The core lineup of the group formed in Cleveland, Ohio in 1969 under the name The Sunrise, as which they would record a local 45 single that immediately disappeared. Undeterred the band flirted with a name change to Speed before replacing their keyboard player and bassist and settling on the name Dragonwyck. This is their second album, having come a few years after their debut which was recorded mostly live at a club where the band frequently played. The group would record another single a year later (both sides of which are included on this CD issue) before disbanding altogether later that year. While guitarist Tom Brehm resurrected the name Dragonwyck in 2006 for a brief European club tour using studio musicians, this album really represents the end of the short-lived quintet.

The band has a handful of notable characteristics that set them apart from so many similar flash-in-the- pan stories of that era. First, lead singer Bill Pettijohn delivers an uncanny Jim Morrison imitation on many of these songs (“He Loves You” and “Freedom Son” in particular). Keyboardist John Hall is the other curio here, bouncing between John Pinder and Ray Manzarek on mellotron, Hammond and moog. And speaking of the Moody Blues, Pettijohn also does a pretty good Justin Hayward on “Lady” and “Forever only Last a Little While”. The band doesn’t attempt to hide their influences, with Pettijohn having appeared on the Jerry Springer Show to tout his Doors cover band and Dragonwyck having been known to play the entire Moody’s album “Days of Future Passed” at live shows in the early seventies.

But beyond the band’s early ‘tribute’ sensibilities there’s some decent music here as well, and at least these are all original compositions. Guitarist Tom Brehm plays some tasty psych guitar that, if nothing else, demonstrates the difference between British and American music of that day with a tendency toward copious layers of heavy and loud licks. Hall’s mellotron includes string tracks on songs like “Dead Man” which both reinforce the Moody’s vibe and give the music a richness to complement the guitars and drums.

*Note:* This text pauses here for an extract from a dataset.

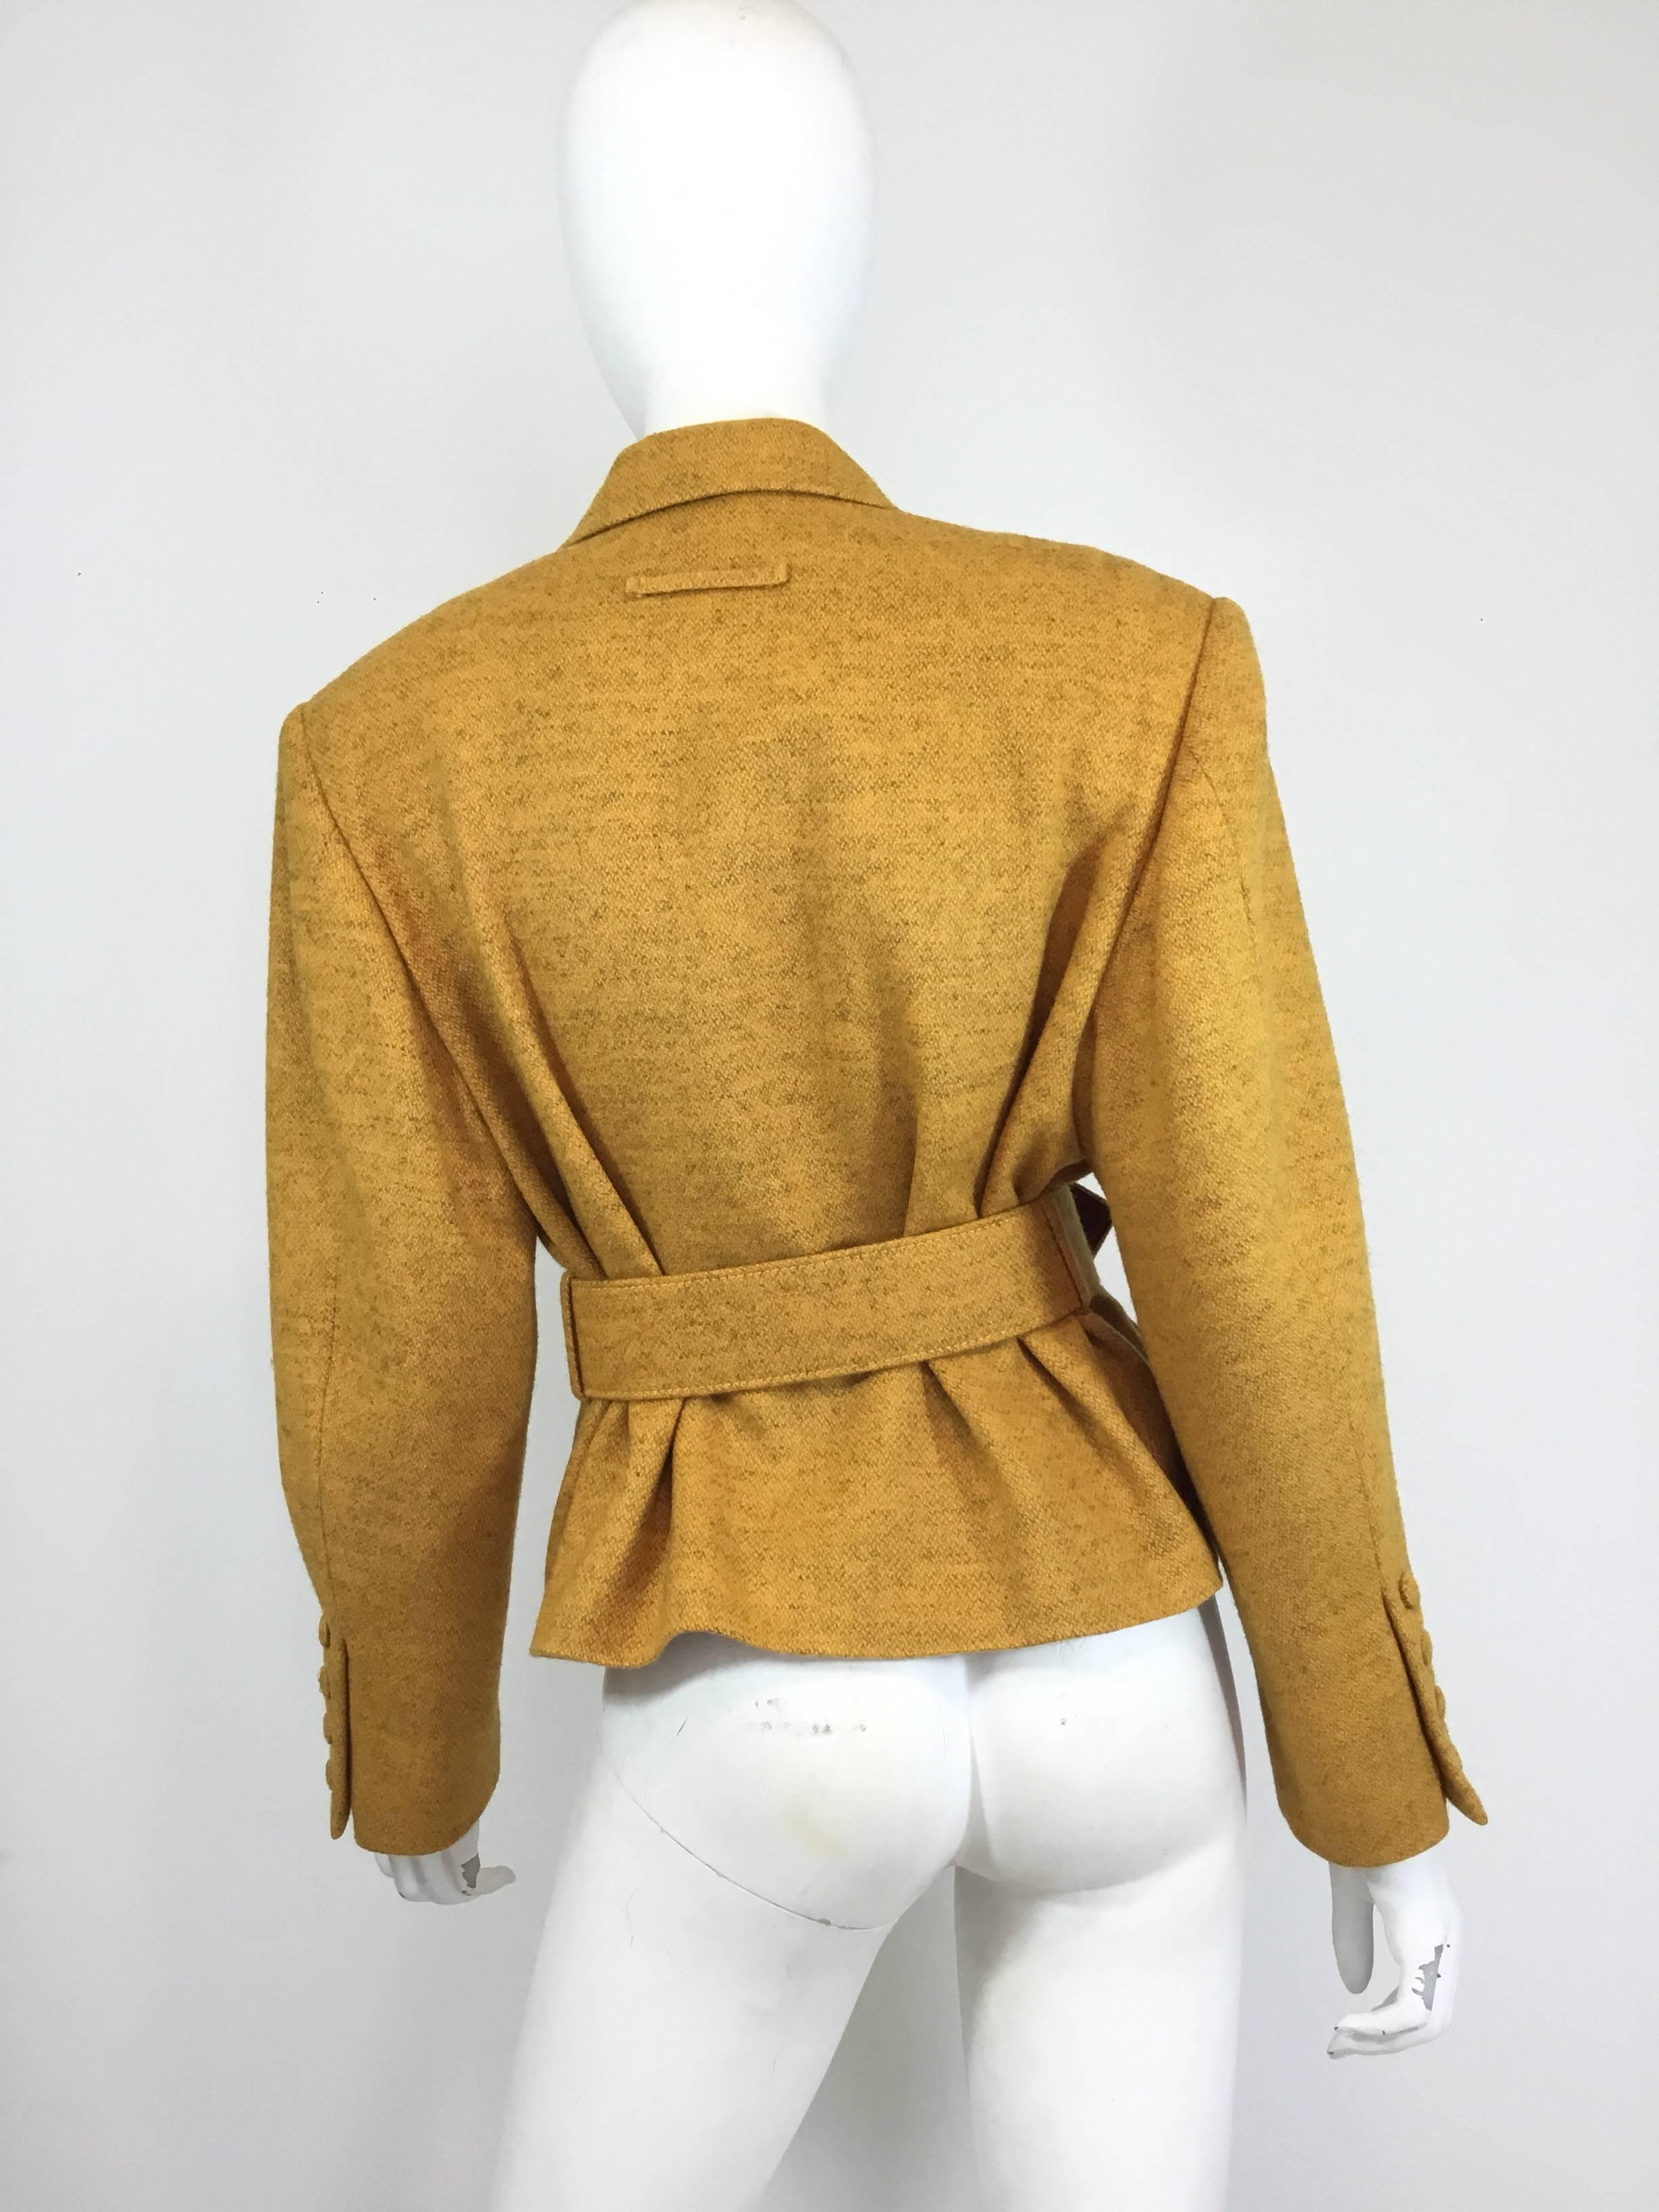 Brown Jean Paul Gaultier Wool Belted Jacket

The two bonus tracks are from the band’s last recording, a 45 single released in 1974 with pretty much no distribution or promotion. These are more pop-flavored tracks with piano replacing the mellotron, and a straight-ahead rock rhythm rather than the meandering psych arrangements of the band’s earlier work.

This is a decent album to listen to today, but it is certainly understandable why it (and the band) didn’t take off in 1973. Today we have a nostalgic and artistic appreciation for great sixties psych; but when Dragonwyck were donning capes and playing this stuff in the clubs of 1973-74 they were unfortunately already an anachronism. Three stars for the solid musicianship and for playing original material despite having a strong tribute-band vibe, but not quite essential.